Such a cut could cause oil prices to skyrocket—at least that’s what some prognosticate. I hold a contrarian view. In fact, I contend that oil prices will most likely continue to average between $50 and $60 per barrel.
To understand my sentiment requires fresh perspective on not only supply and demand, but on the cuts themselves. How likely is it that the cuts will in fact amount to the agreed upon terms?
Moreover, we need to recognize that the cuts will be benchmarked against October production levels, and that there was a surge in OPEC production over the months leading to the historic agreement. Consequently, the cuts aren’t nearly as drastic as they may seem.
First, the fundamentals
The fundamentals of supply and demand are inexorable. In a world in which futures traders set the price of oil, temporary sentiment can push prices above or below the market equilibrium. But eventually the lights are turned on, and the market is left bare, and traders see who they’ve been rooming with.
Before jumping into the fundamentals, we need to recognize that the current market is out of balance. According to OPEC’s analysis, world oil production outstripped world consumption by an average of 1.1 million barrels per day through the first three quarters of 2016. This oversupply has pushed prices down to levels that reflect the marginal oil producer who today is drilling in one of the domestic shale plays.
Because the market is oversupplied, the volume of oil in storage has been increasing at a rapid clip, and a significant portion of this volume has been flowing into China’s strategic petroleum reserves (SPR). This is important because these volumes may not reflect what we may call “real demand,” that is demand that is associated with harnessing the potential energy that makes crude oil so valuable.
It has been estimated that China’s stockpiles have been growing at a rate between 350,000 and 400,000 barrels per day—or between one and two tanker deliveries per week.
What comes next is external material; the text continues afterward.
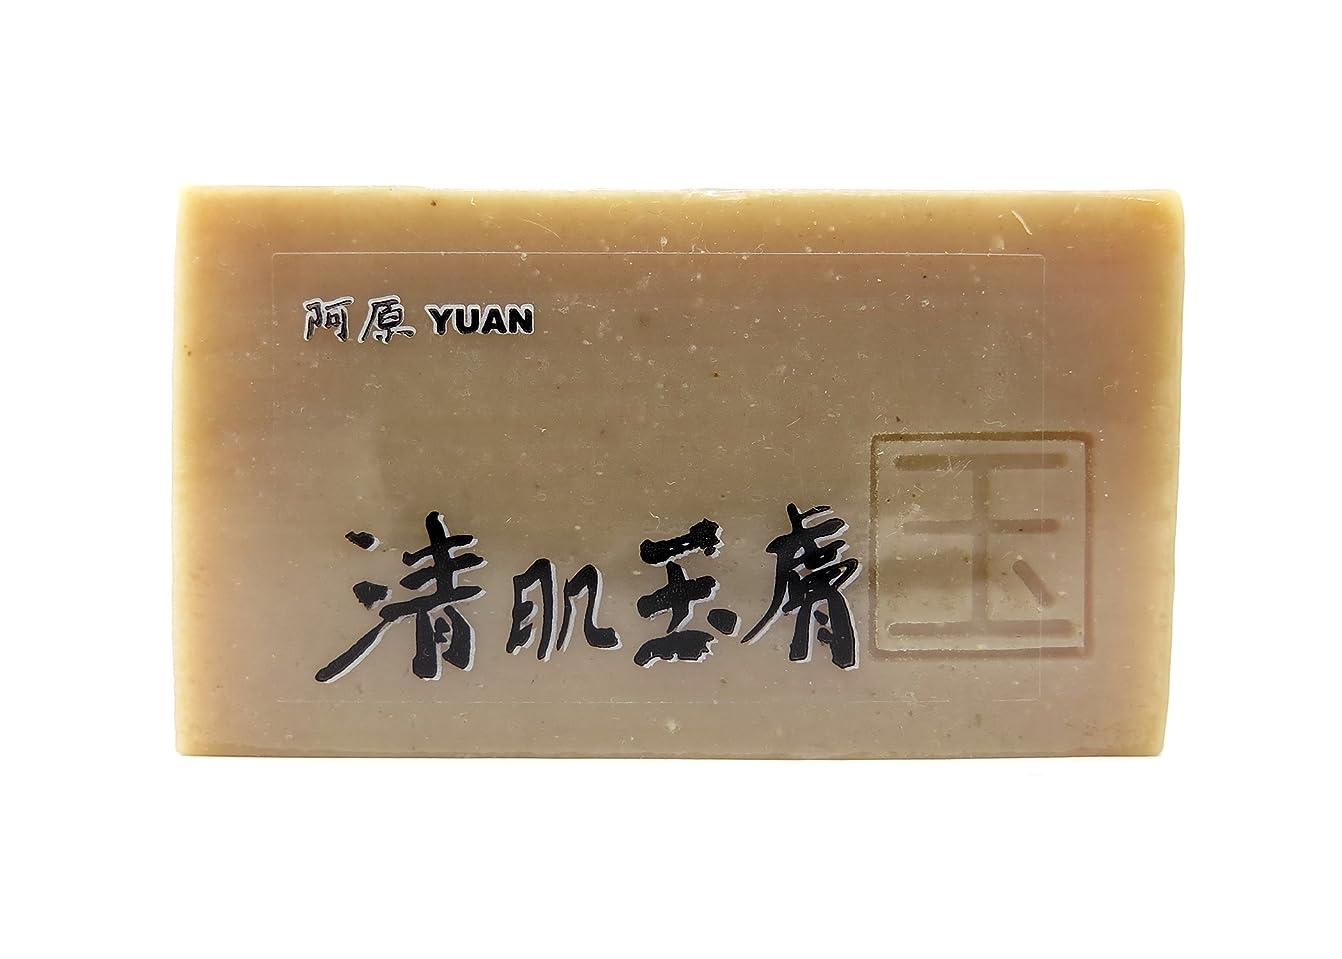 スタジアム払い戻しブレイズユアン(YUAN) 清玉(せいぎょく)ソープ 固形 100g (阿原 ユアンソープ)

While it’s not possible to know if this will continue in 2017, it’s very possible that the rate of growth is sensitive to price. If it’s price sensitive, rising price will quickly eat into “demand.”
In looking at world oil demand, we see estimates that world oil consumption is forecasted to increase from somewhere between 1.1 million and 1.3 million barrels per day over the course of the year. This should put China’s SPR purchases in context. When considering oil demand, it’s important to understand that the rate of growth in demand depends greatly on which group of countries is driving economic expansion. The incremental oil demand associated with a unit of real GDP growth in advanced economies is much smaller than the incremental oil demand associated with a unit of real GDP growth in a developing country.
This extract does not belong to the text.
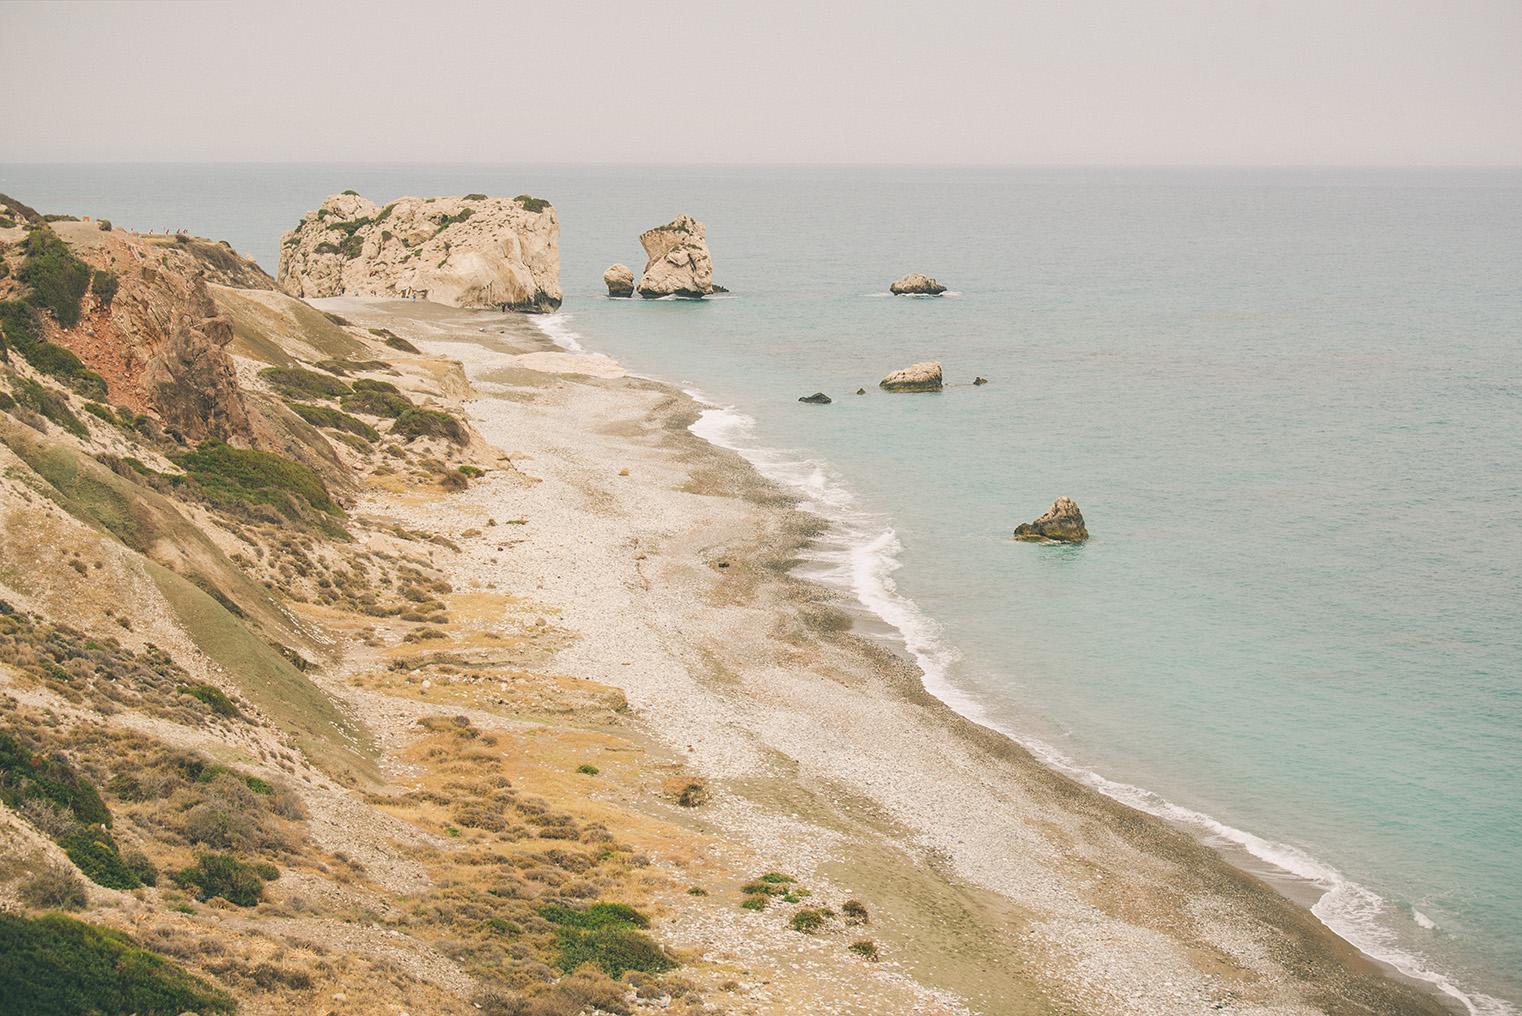 02a.Skala Afrodyty - kamienista plaza - Cypr z dzieckiem

Global economic growth over the coming year is going to be less driven by China and the developing world economies than has been the case over the last decade. Moreover, interest rates are most likely going to continue to rise over the coming quarters, and as a result, the value of the dollar should increase. And as it does so, developing countries will see more of their export earnings going to debt servicing, leaving less for other activities that generate oil demand.
In addition to suppressing oil prices in the United States (where incomes are earned in dollars), developing countries will find oil and all other imports becoming increasingly expensive. This will have the effect of further suppressing oil consumption.
For the reasons above, it’s reasonable to assume that oil demand could fall short of most expectations.
Supply in consideration
Turning to supply, we need to look closely at precisely where the OPEC cuts are expected to come from. Saudi Arabia is to cut 486,000 barrels per day (kbd), or 42% of the total OPEC cut.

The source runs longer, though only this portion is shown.